Required action: Your reply should reproduce each line below exactly and carry none of the pictures.

Material provided:
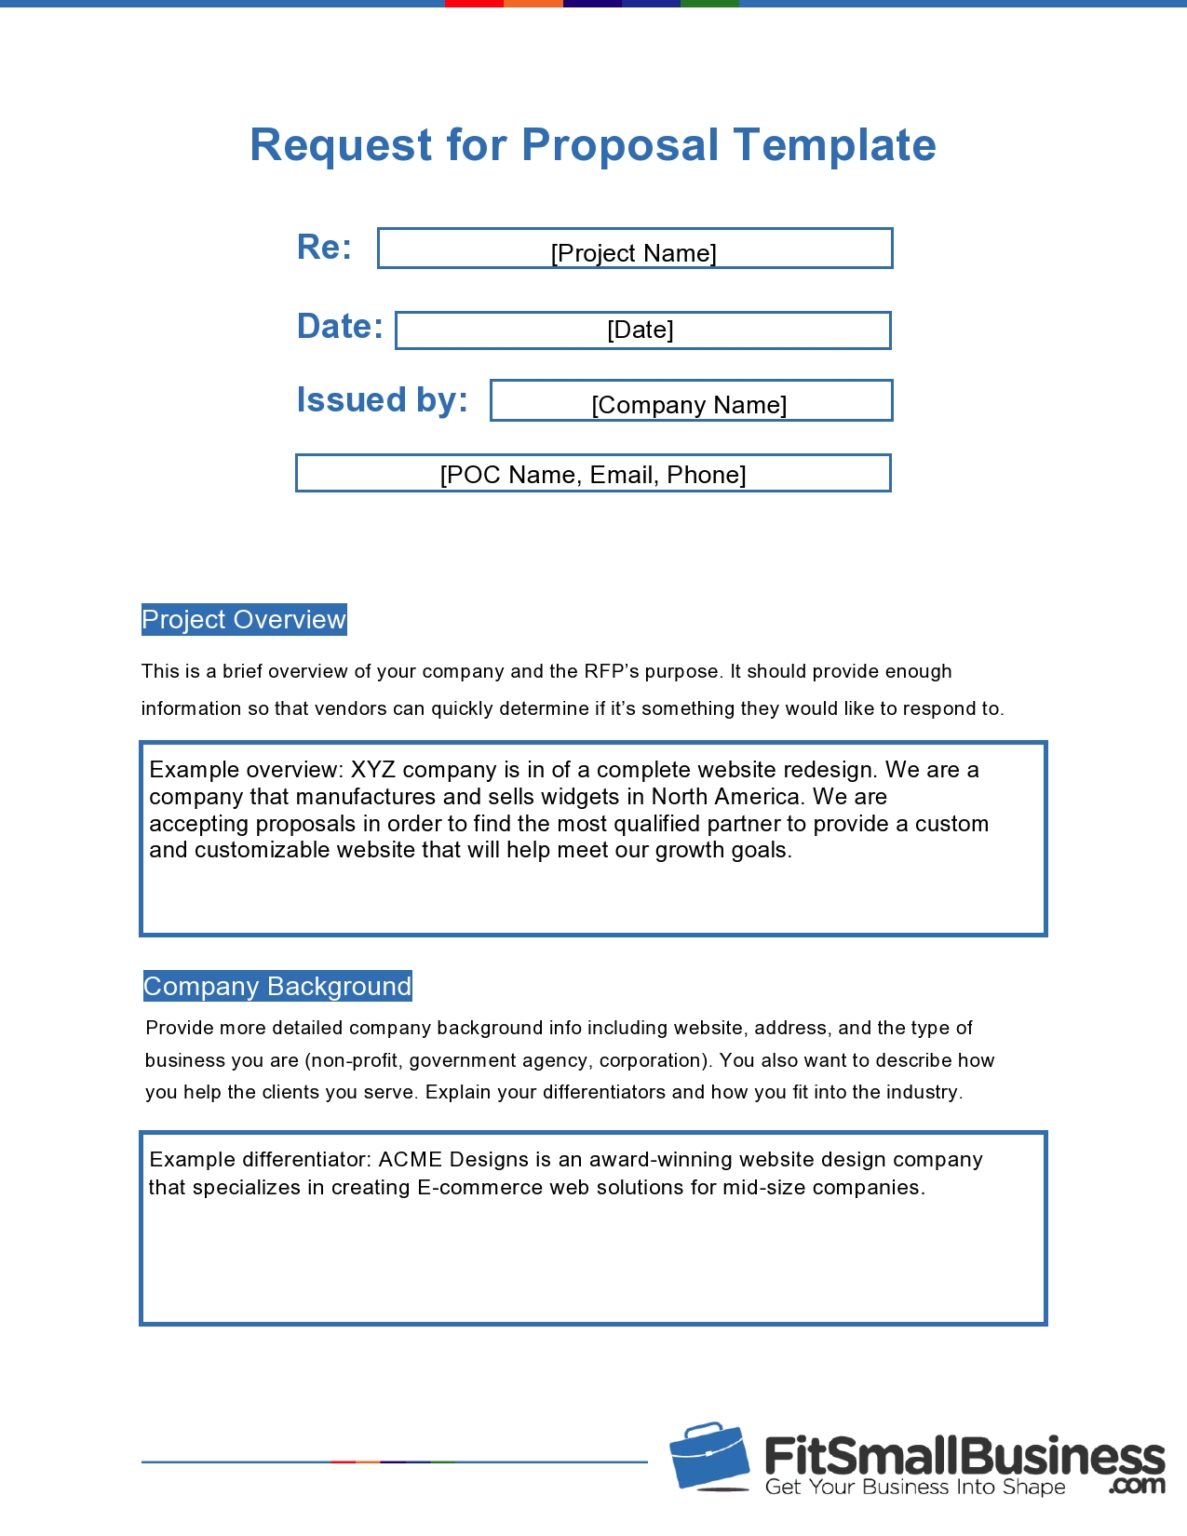 rfp response cover letter template word
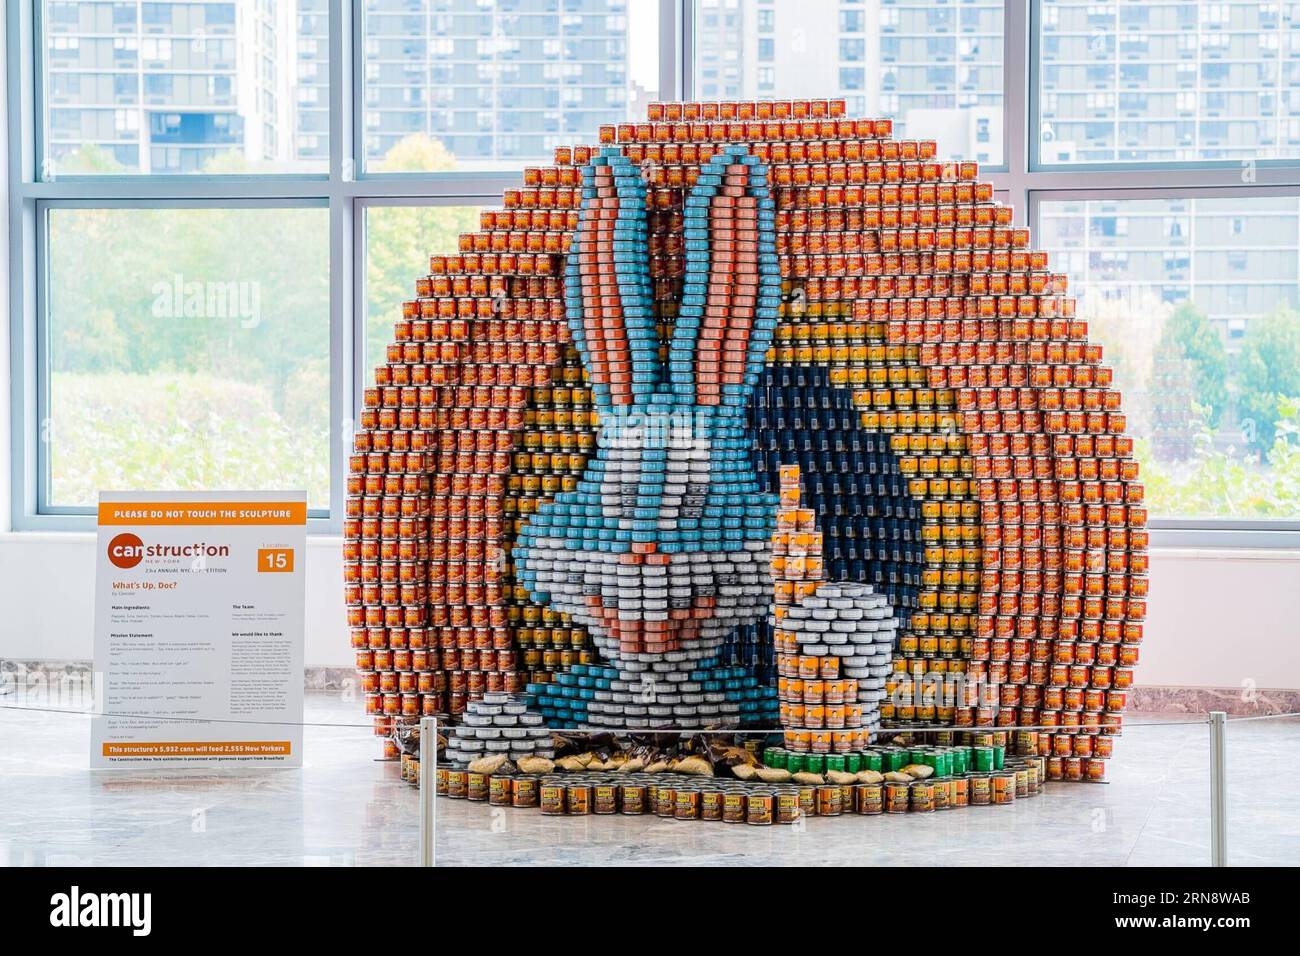 (151106) -- NEW YORK, Nov. 6, 2015 -- Cartoon character Bugs Bunny made out of food cans is displayed at the 22nd Canstruction exhibition in New York, Nov. 6, 2015. Works by winners of the 22nd Annual Canstruction International Design Competition are displayed in the Brookfield Place in downtown Manhattan. The exhibition features sculptures made entirely of unopened canned food. More than 1,200 local winners from 125 cities around the world participated in the competition. The canned food used in the exhibition will be donated to a local food bank responsible for feeding more than one million Stock Photo
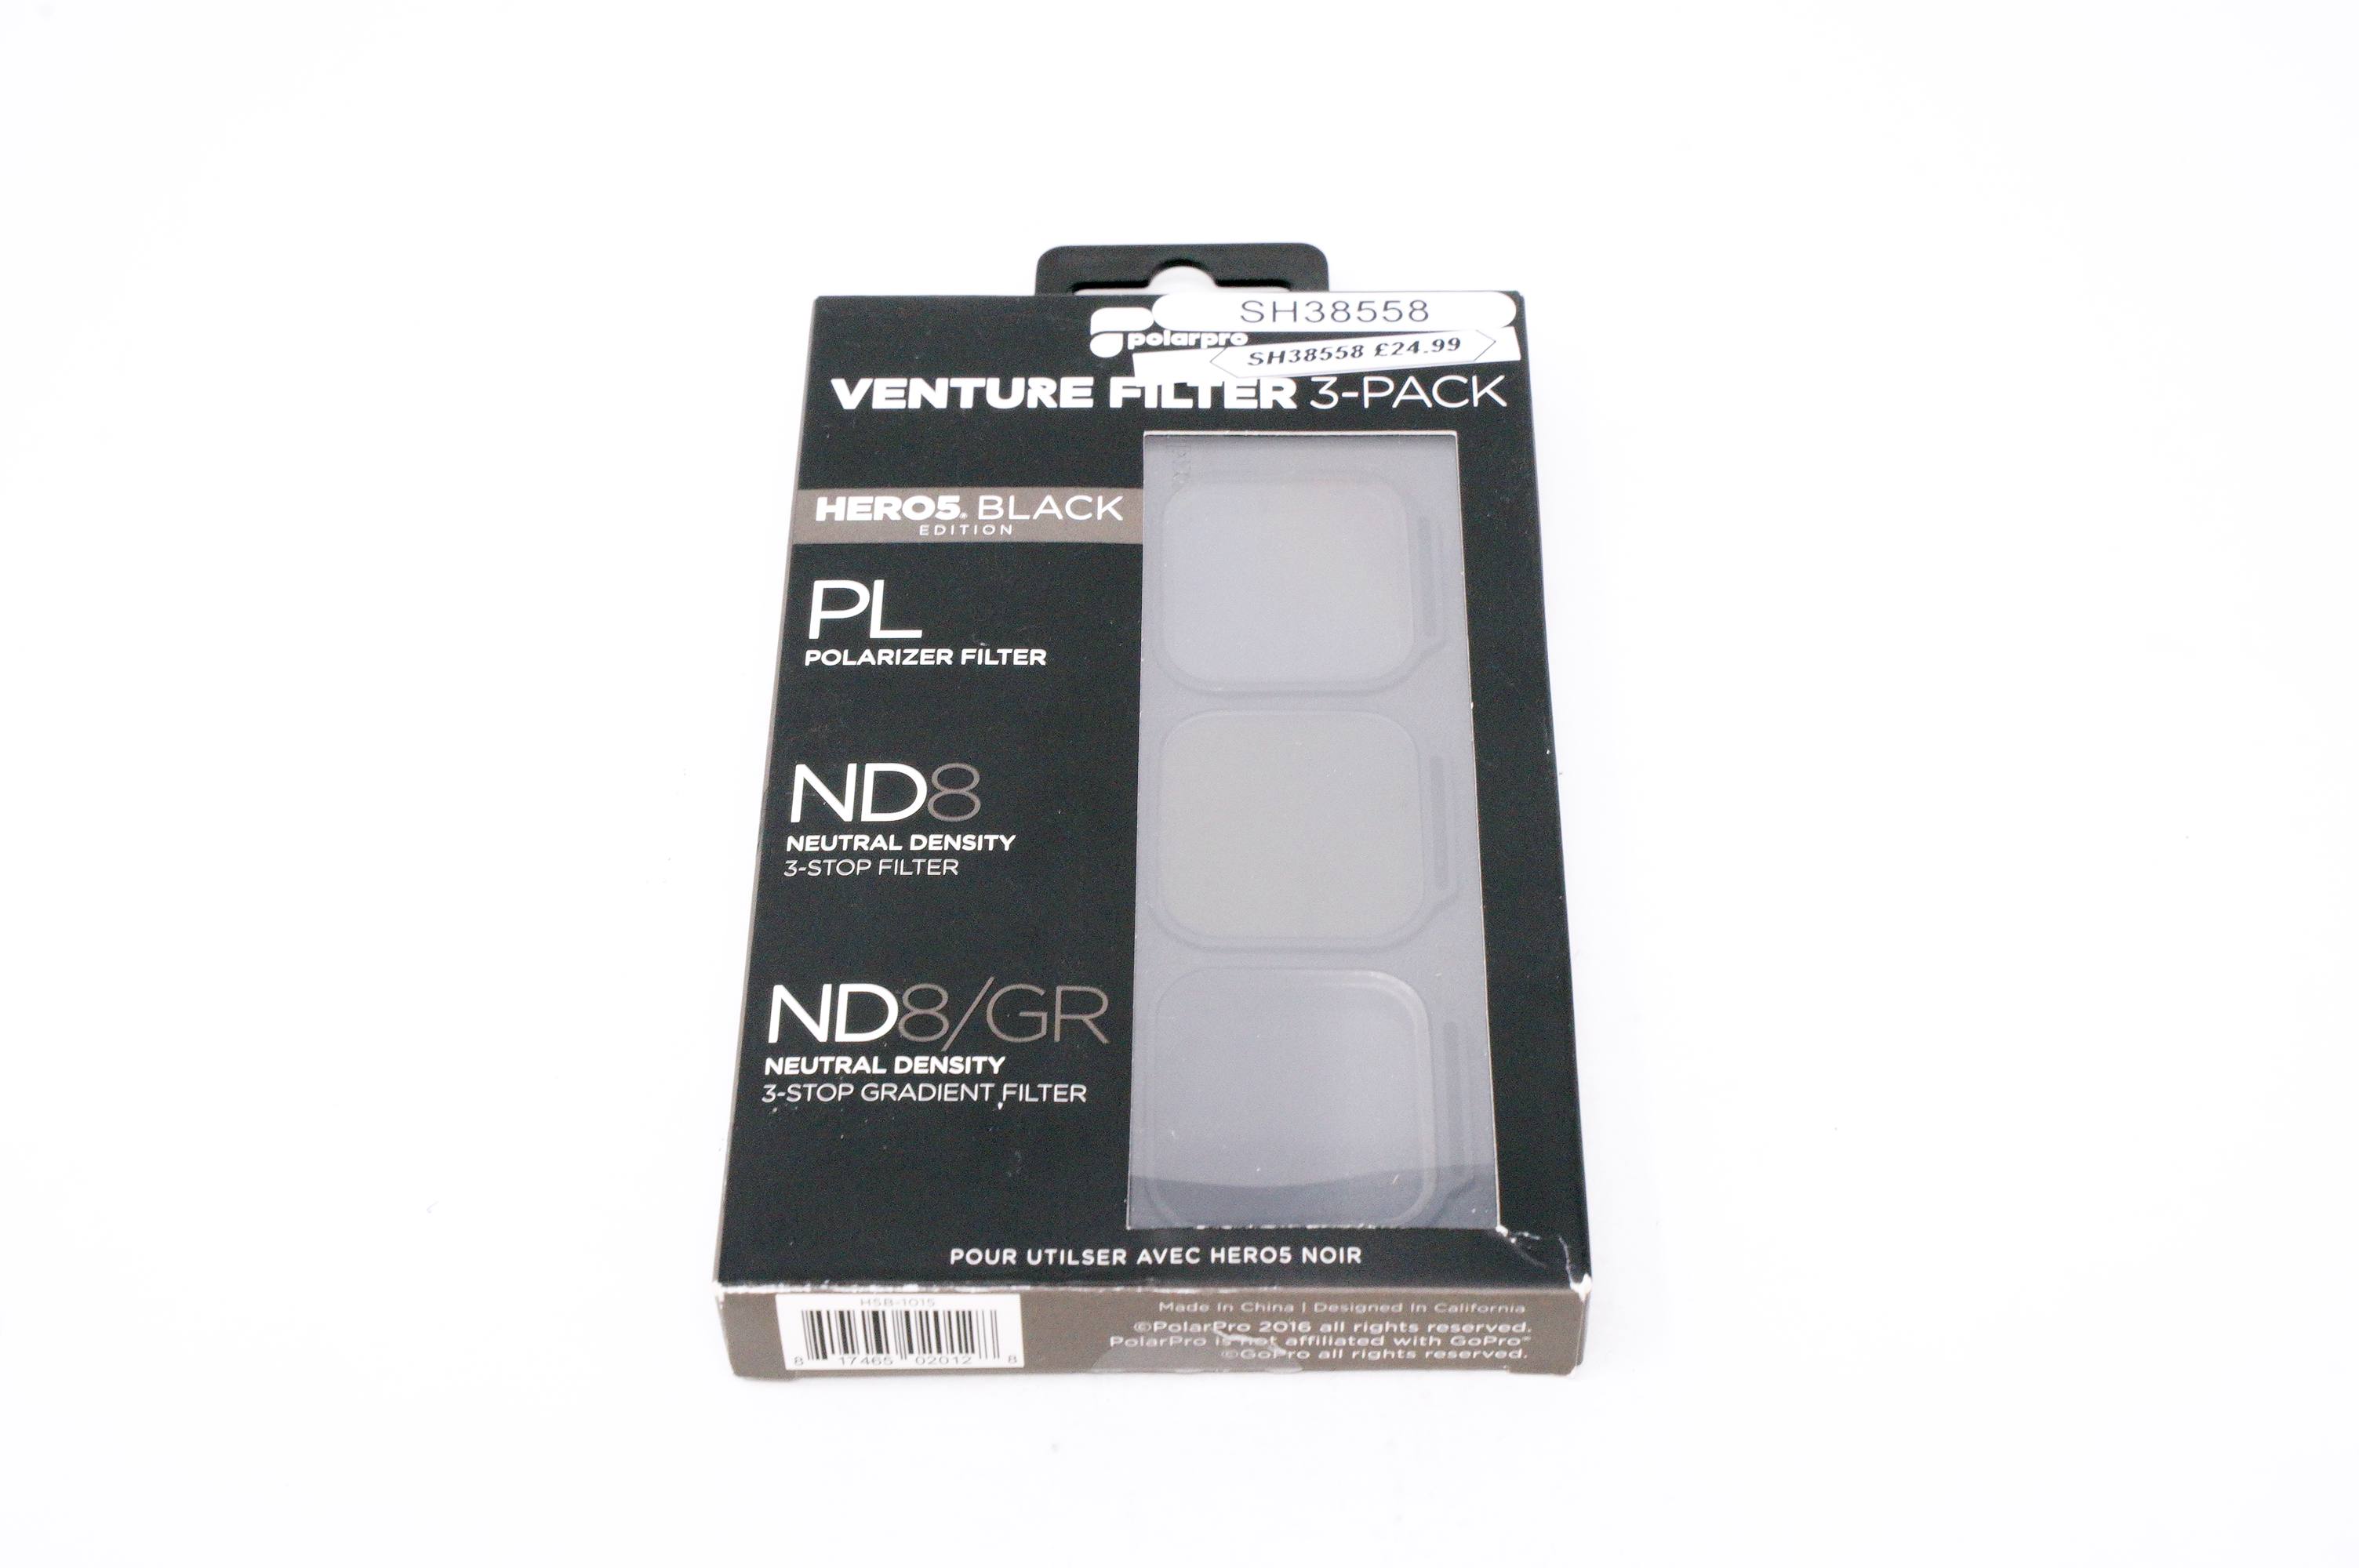 Product Image of Used Venture ND filters for Gopro Hero 5 action camera (Boxed SH38558)
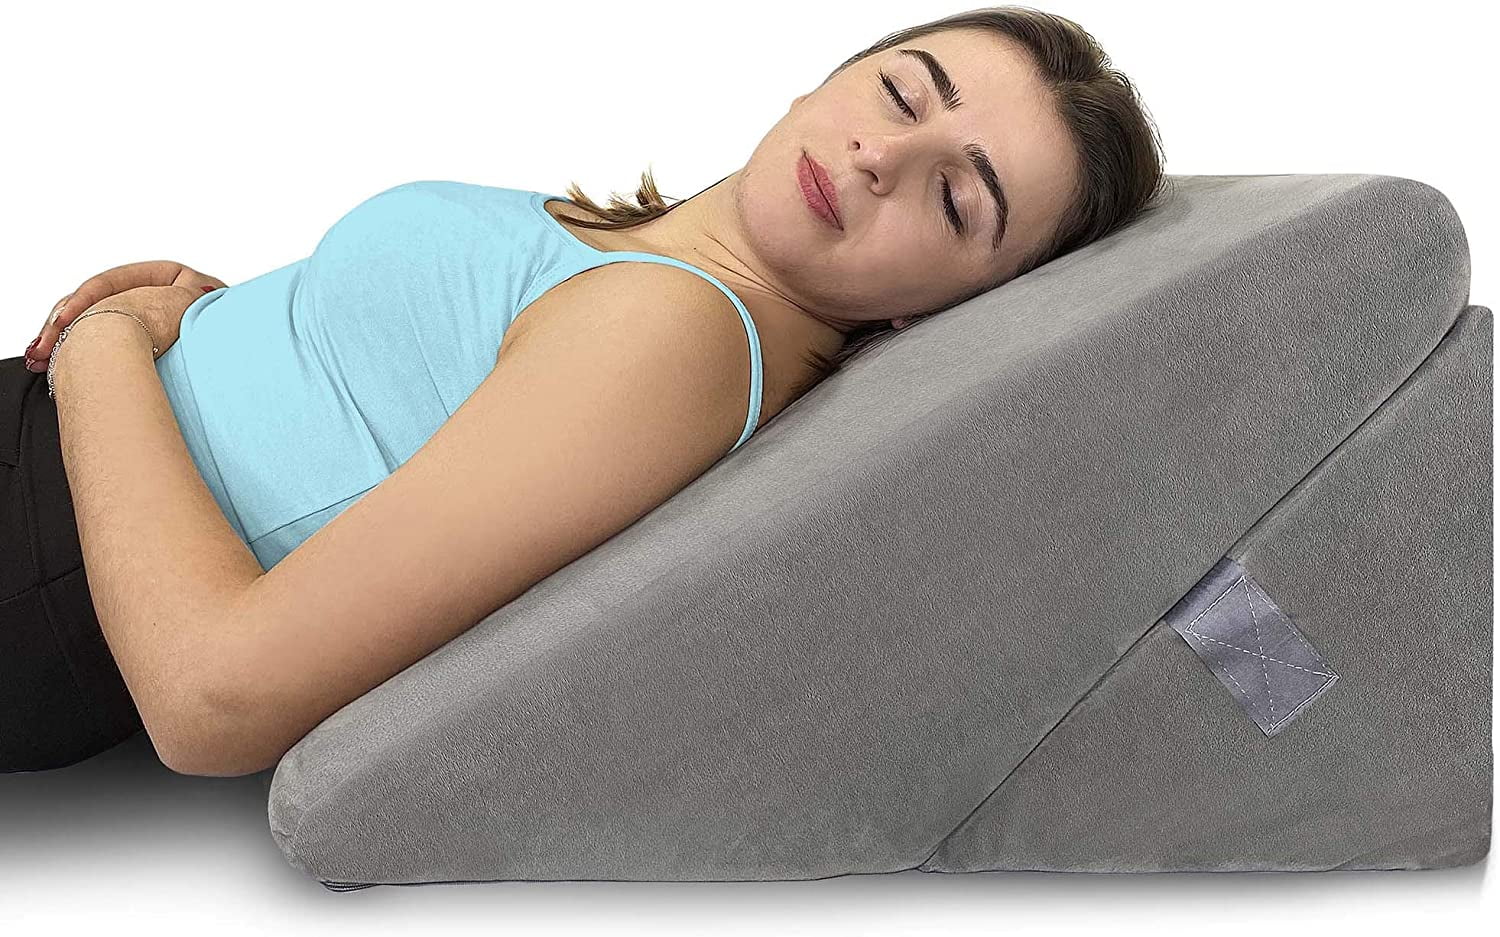 Bed Wedge Pillow – 2 Separate Memory Foam Incline Cushions, System for  Legs, Knees and Back Support Pillow  Acid Reflux, Anti Snoring, Heartburn,  Reading – Machine Washable, Grey Grey 23.6x23.6x12, 18.7x23.6x7.7

Answer to this problem:
 rfp response cover letter template word
 (151106) -- NEW YORK, Nov. 6, 2015 -- Cartoon character Bugs Bunny made out of food cans is displayed at the 22nd Canstruction exhibition in New York, Nov. 6, 2015. Works by winners of the 22nd Annual Canstruction International Design Competition are displayed in the Brookfield Place in downtown Manhattan. The exhibition features sculptures made entirely of unopened canned food. More than 1,200 local winners from 125 cities around the world participated in the competition. The canned food used in the exhibition will be donated to a local food bank responsible for feeding more than one million Stock Photo
 Product Image of Used Venture ND filters for Gopro Hero 5 action camera (Boxed SH38558)
 Bed Wedge Pillow – 2 Separate Memory Foam Incline Cushions, System for  Legs, Knees and Back Support Pillow  Acid Reflux, Anti Snoring, Heartburn,  Reading – Machine Washable, Grey Grey 23.6x23.6x12, 18.7x23.6x7.7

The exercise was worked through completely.